Is it a Trapezoid? I have a convex quadrilateral (ABIJ) similar to a trapezoid. 

By condition $ABCDEFGHIJ$ is a regular decagon. 
Then $AB = JI$, $\angle BAJ = \angle IJA$.
We can prove that $\angle IBA= \angle BIJ, AI = BJ$.
Is it enough to say that $ABIJ$ is a trapezoid? How to verify AJ || BI ?  
 A: Call the intersection point of $BJ$ and $AI$, $K$. We have that $$\triangle IBJ \cong \triangle BIA \hspace{1.5 cm} \text{(by SSS criterion)} $$ and so $\angle IBJ=\angle BIA = a$.
Also, similarly  $$\triangle BJA \cong \triangle IAJ$$ and so $\angle BJA =\angle IAJ =b$. 
In $\triangle BKI$, $\angle BKI =\pi-2a$ and in $\triangle AKJ$, $\angle AKJ=\pi-2b$ and by vertically opposite angles we have that $$\angle BKI=\angle AKJ \\ \implies a=b$$ which further implies by reasoning of alternate angles being equal that $$AJ \ || \ BI$$
A: 
Let $\angle IBJ=x$ & $a$ be each side of regular decagon.
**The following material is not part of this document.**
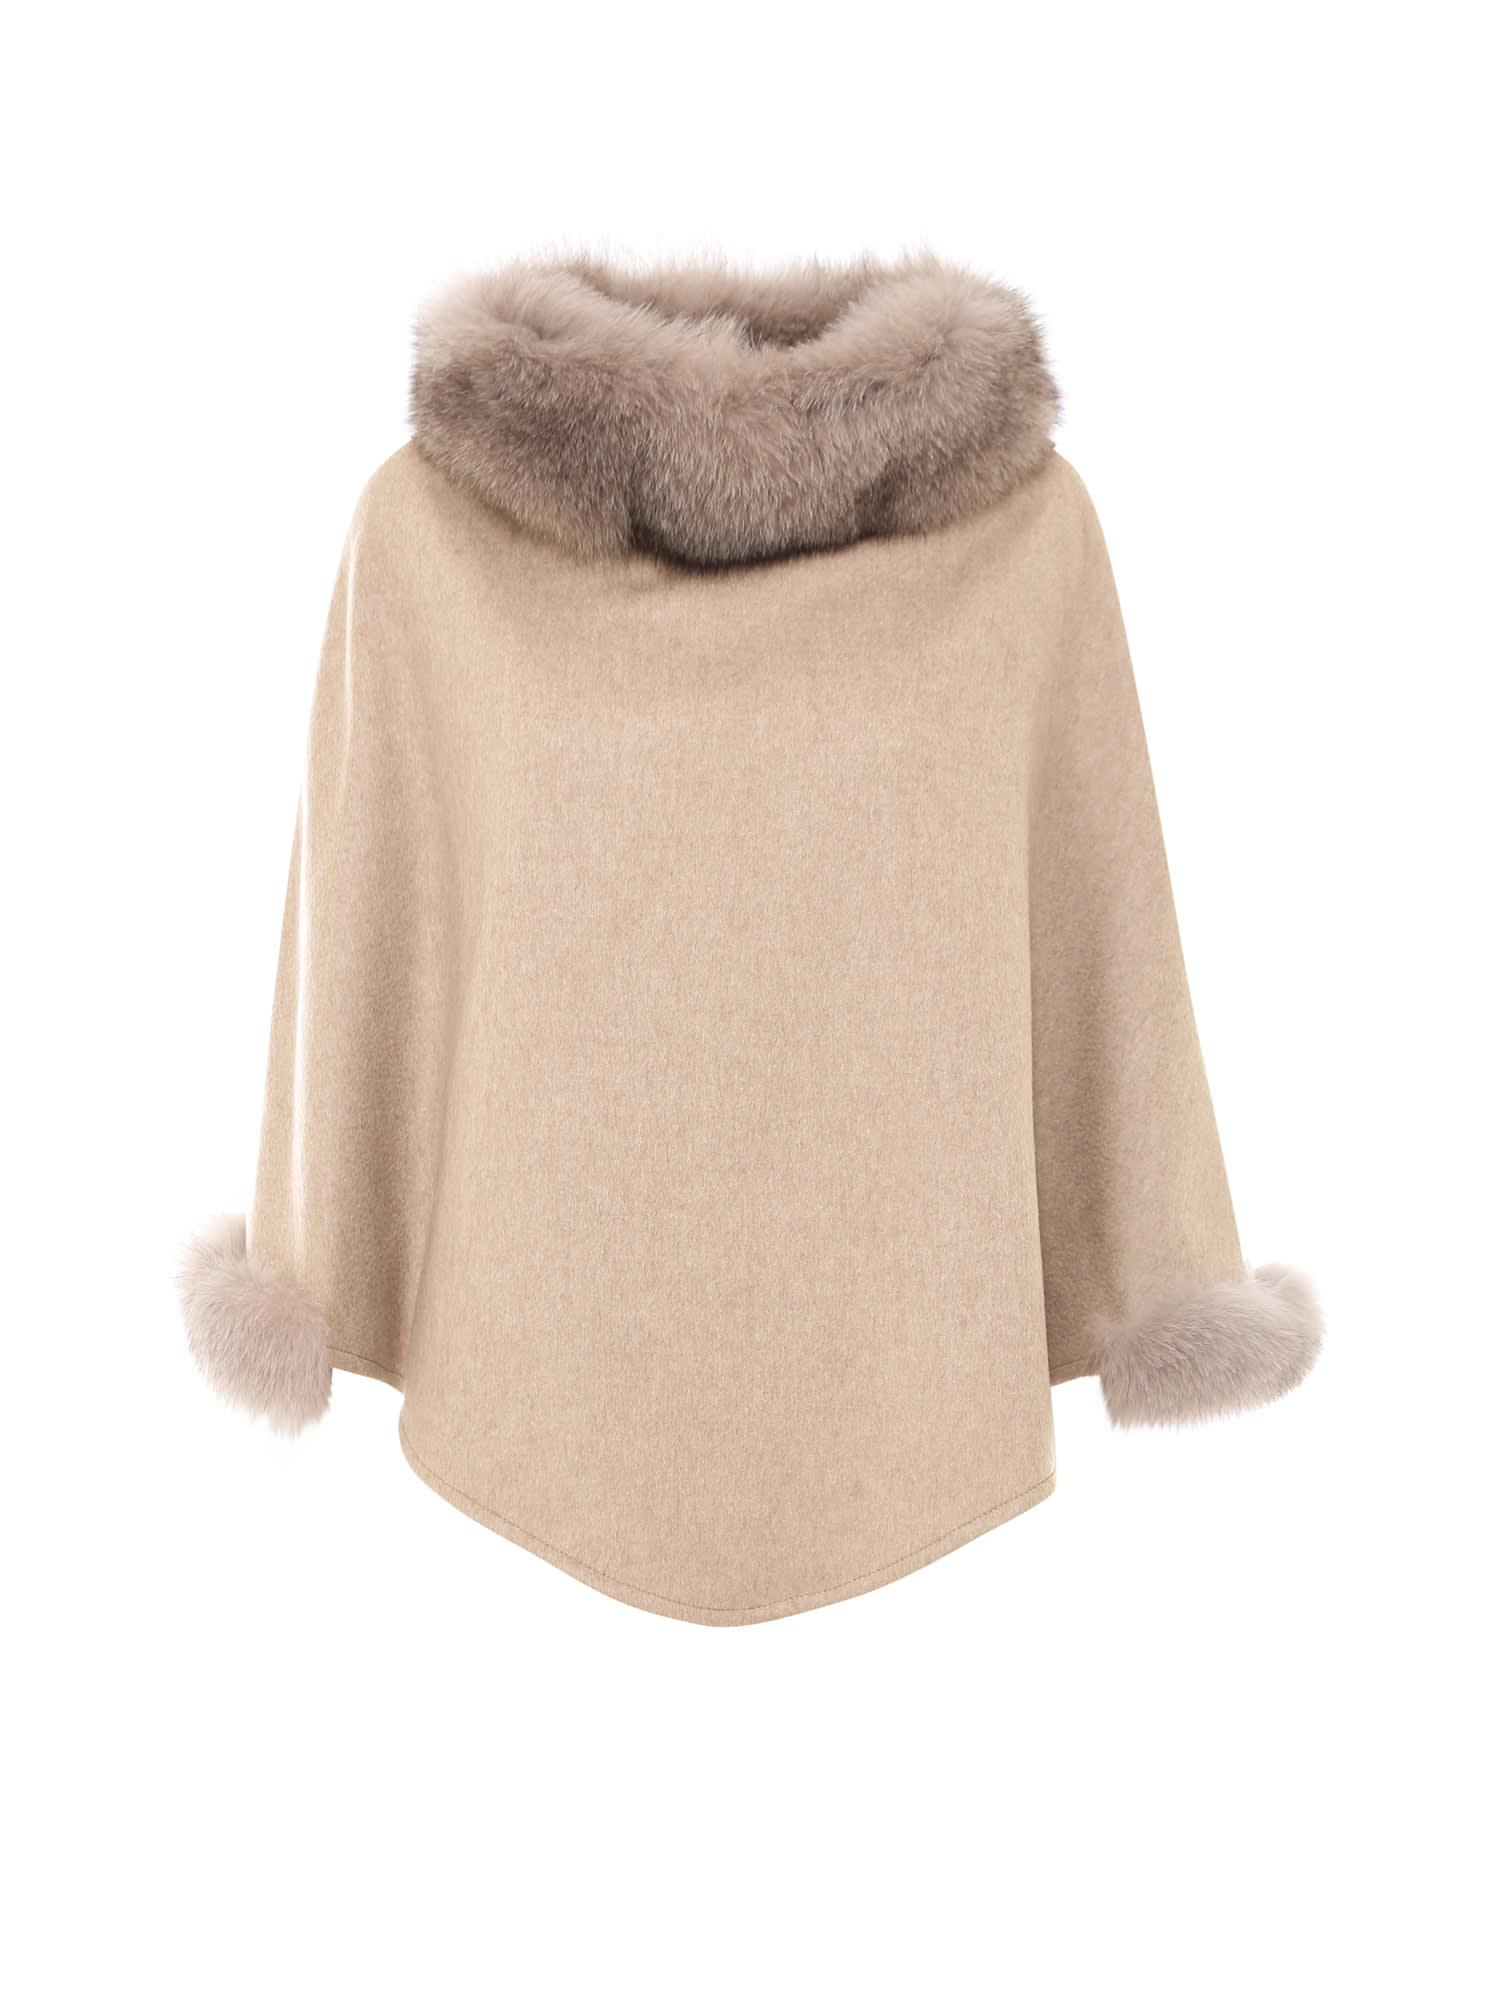 Max Mara Furs CAPE

We have
$$\text{Using sine rule in} \ \Delta ABJ, \ \ \ \frac{BJ}{\sin 144^\circ}=\frac{a}{\sin 18^\circ}\implies BJ=\frac{a\sin36^\circ}{\sin 18^\circ}$$
$$\text{Using sine rule in} \ \Delta IBJ, \ \ \ \frac{BJ}{\sin (54^\circ-x)}=\frac{a}{\sin x}\implies BJ=\frac{a\sin(54^\circ-x)}{\sin x}$$
Equating the values of $BJ$, $$\frac{a\sin(54^\circ-x)}{\sin x}=\frac{a\sin36^\circ}{\sin 18^\circ}\iff x=18^\circ\ \ (0<x<90^\circ)$$
Since alternate angles are equal i.e. $\angle IBJ=\angle AJB=18^\circ$ hence $AJ \parallel BI$. This proves that $ABIJ$ is a trapezoid.